By iterative calculations, approximately 6 servers are required to meet the desired service level with acceptable wait times, considering demand variability.

Recommendation

It is recommended that Great White Hall staff or resource planning team allocate at least 6 servers during peak periods to maintain a 90% service level, thereby reducing customer wait times and improving satisfaction. Flexibility in scheduling and resource management should be incorporated to adapt dynamically to demand fluctuations, which can further optimize operational efficiency and customer experience.

Conclusion

These case studies illustrate vital operational decision-making processes such as inventory level optimization and capacity planning. Applying appropriate models—EPQ for production, queueing theory for service—enables managers to make data-driven, strategic choices that align costs with customer satisfaction goals. The recommendations provided aim to direct operations toward improved efficiency, responsiveness, and profitability within a constrained timeline, reflecting best practices in operations management.

References

• Chase, R. B., Jacobs, F. R., & Aquilano, N. J. (2006). Operations Management for Competitive Advantage. McGraw-Hill Education.
• Heizer, J., Render, B., & Munson, C. (2020). Operations Management. Pearson.
• Slack, N., Brandon-Jones, A., & Burgess, N. (2019).
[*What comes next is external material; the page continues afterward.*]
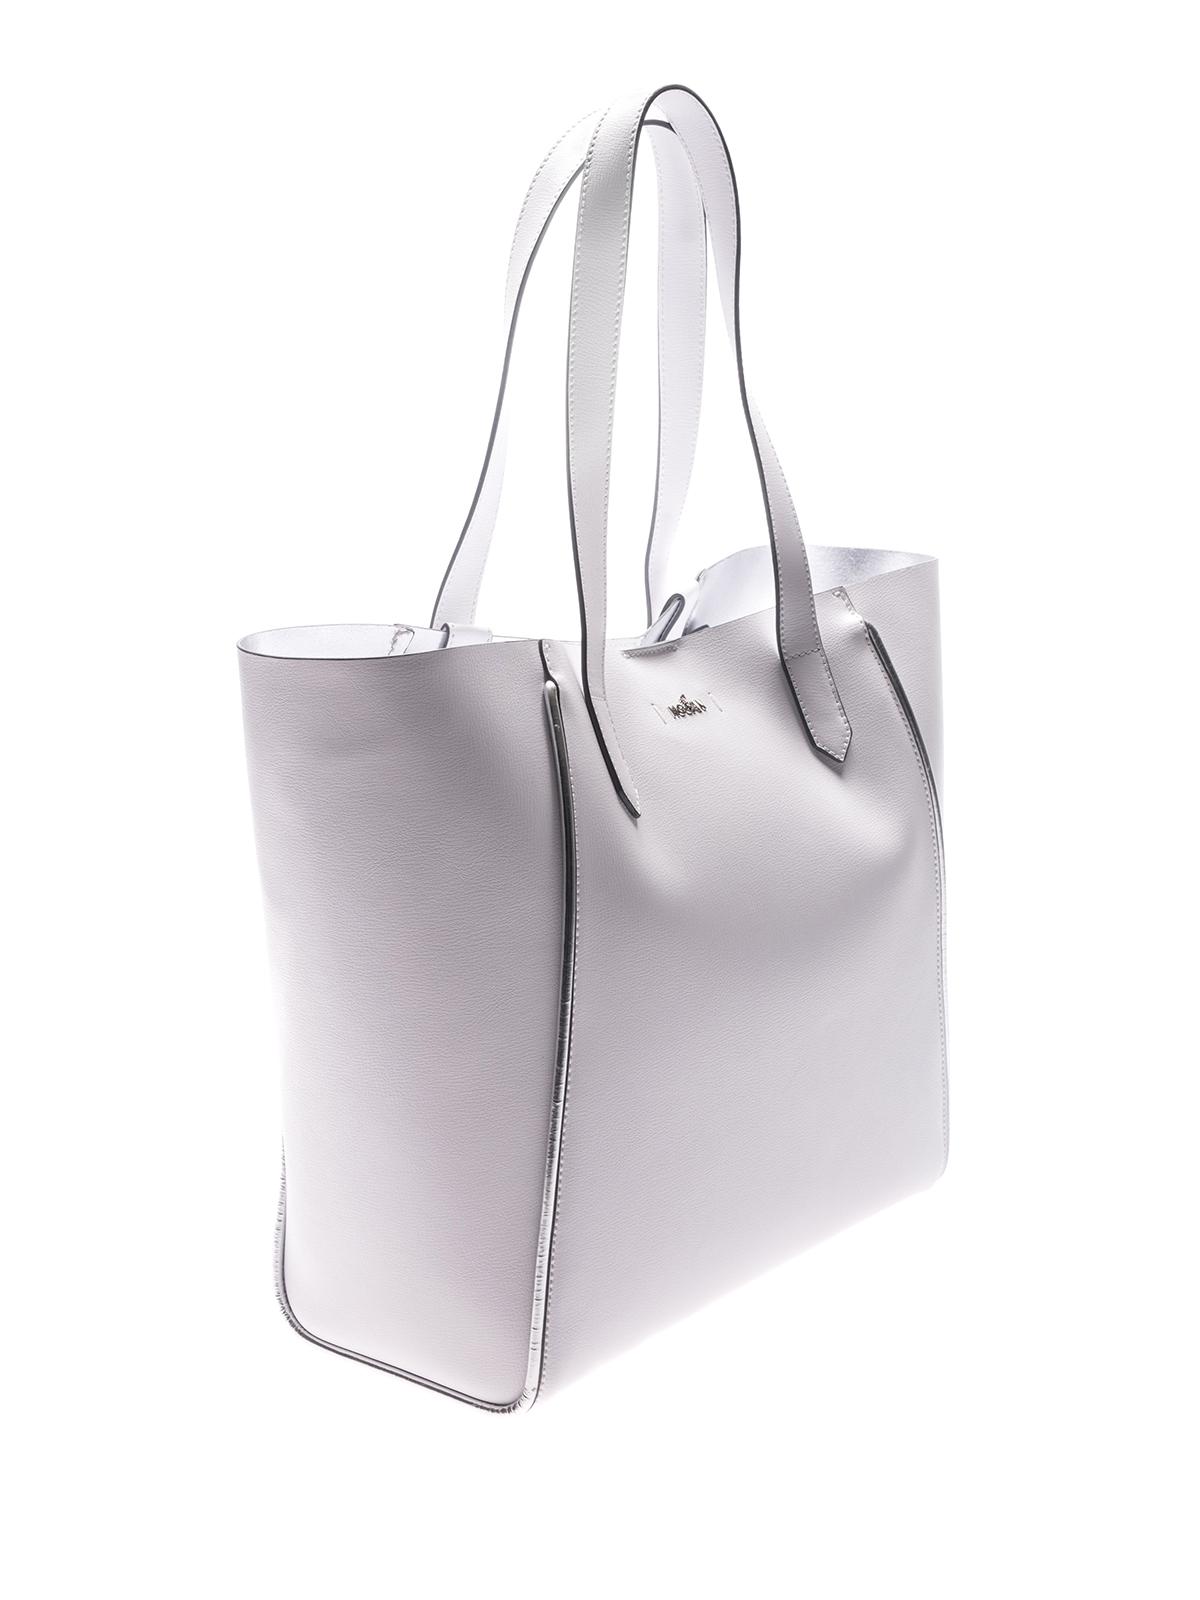 Hogan White leather shopping bag V5dEa

Operations Management. Pearson.
• Krajewski, L. J., Ritzman, L. P., & Malhotra, M. K. (2018). Operations Management: Processes and Supply Chains. Pearson.
• Gross, D., Shortle, J. F., Thompson, J. M., & Harris, C. M. (2018). Fundamentals of Queueing Theory. Wiley.
• Silver, E. A., Pyke, D. F., & Peterson, R. (2016). Inventory and Production Management in Supply Chains. CRC Press.
• Vallabhan, D., & Ramamurthy, K. (1999). Capacity Planning and Scheduling: Models and Methods. Springer.
• Hopp, W. J., & Spearman, M. L. (2011). Factory Physics. Waveland Press.
• Olhager, J. (2017). Production and Operations Management. Routledge.
• Tsay, A. A. (2014). Quantitative Methods in Supply Chain Management. Springer.